## Problem description
Return the data below exactly, but only from the line containing "Контроллер КМ-2105У3, ИАКВ.643122.001-12" through the line containing "Hampton-640 Endurance 2014-Crystal", with both of those lines included.

## Source data
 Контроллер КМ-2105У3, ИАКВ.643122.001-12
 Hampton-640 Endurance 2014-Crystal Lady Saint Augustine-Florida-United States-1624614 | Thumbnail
==
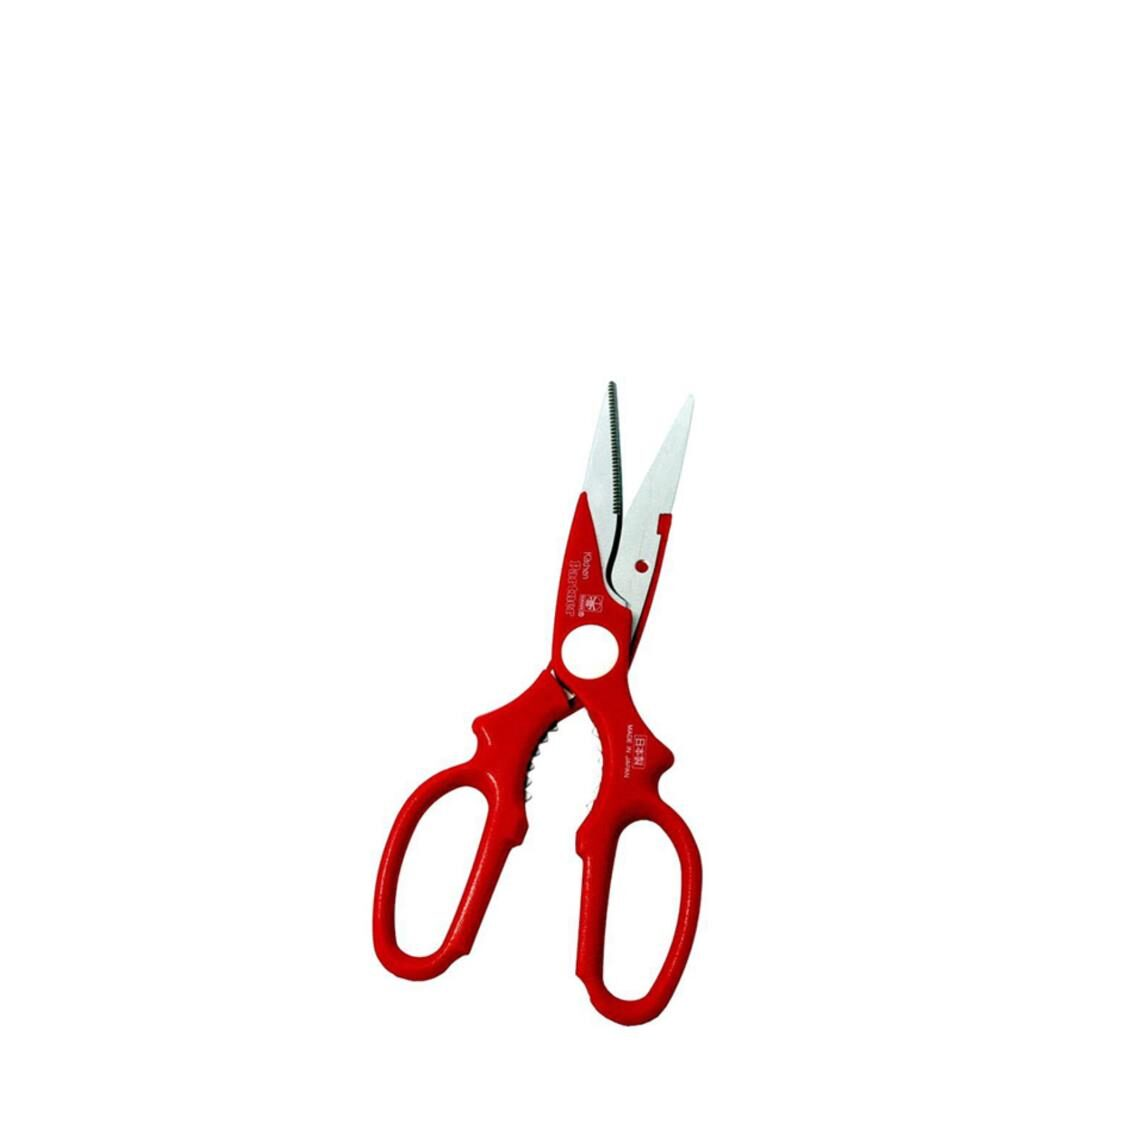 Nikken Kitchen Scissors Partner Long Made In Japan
* * *
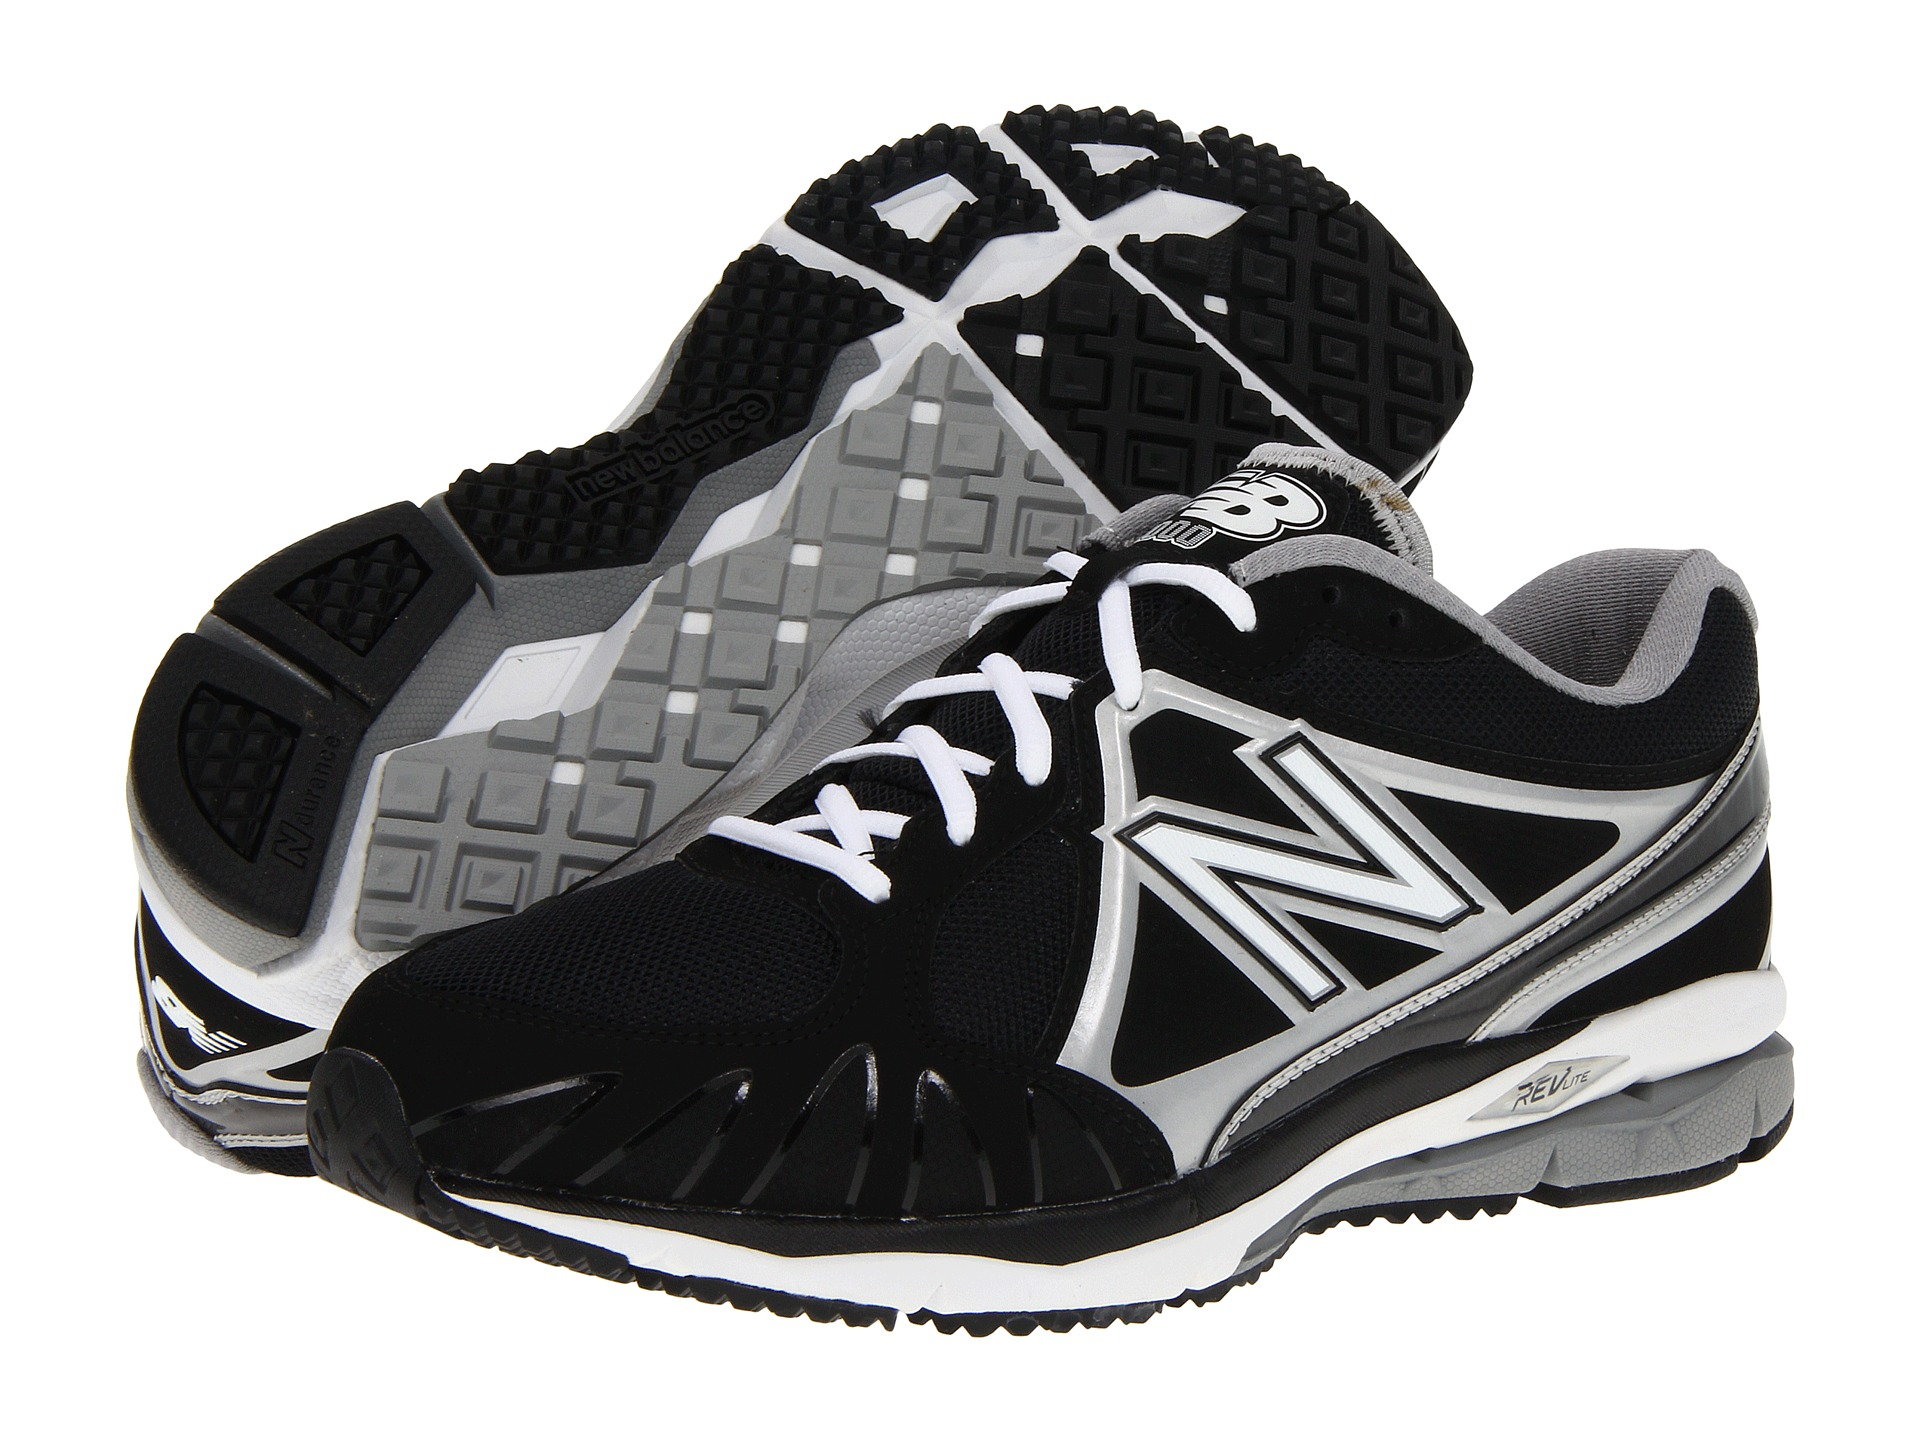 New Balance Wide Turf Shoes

## Output of the task
 Контроллер КМ-2105У3, ИАКВ.643122.001-12
 Hampton-640 Endurance 2014-Crystal Lady Saint Augustine-Florida-United States-1624614 | Thumbnail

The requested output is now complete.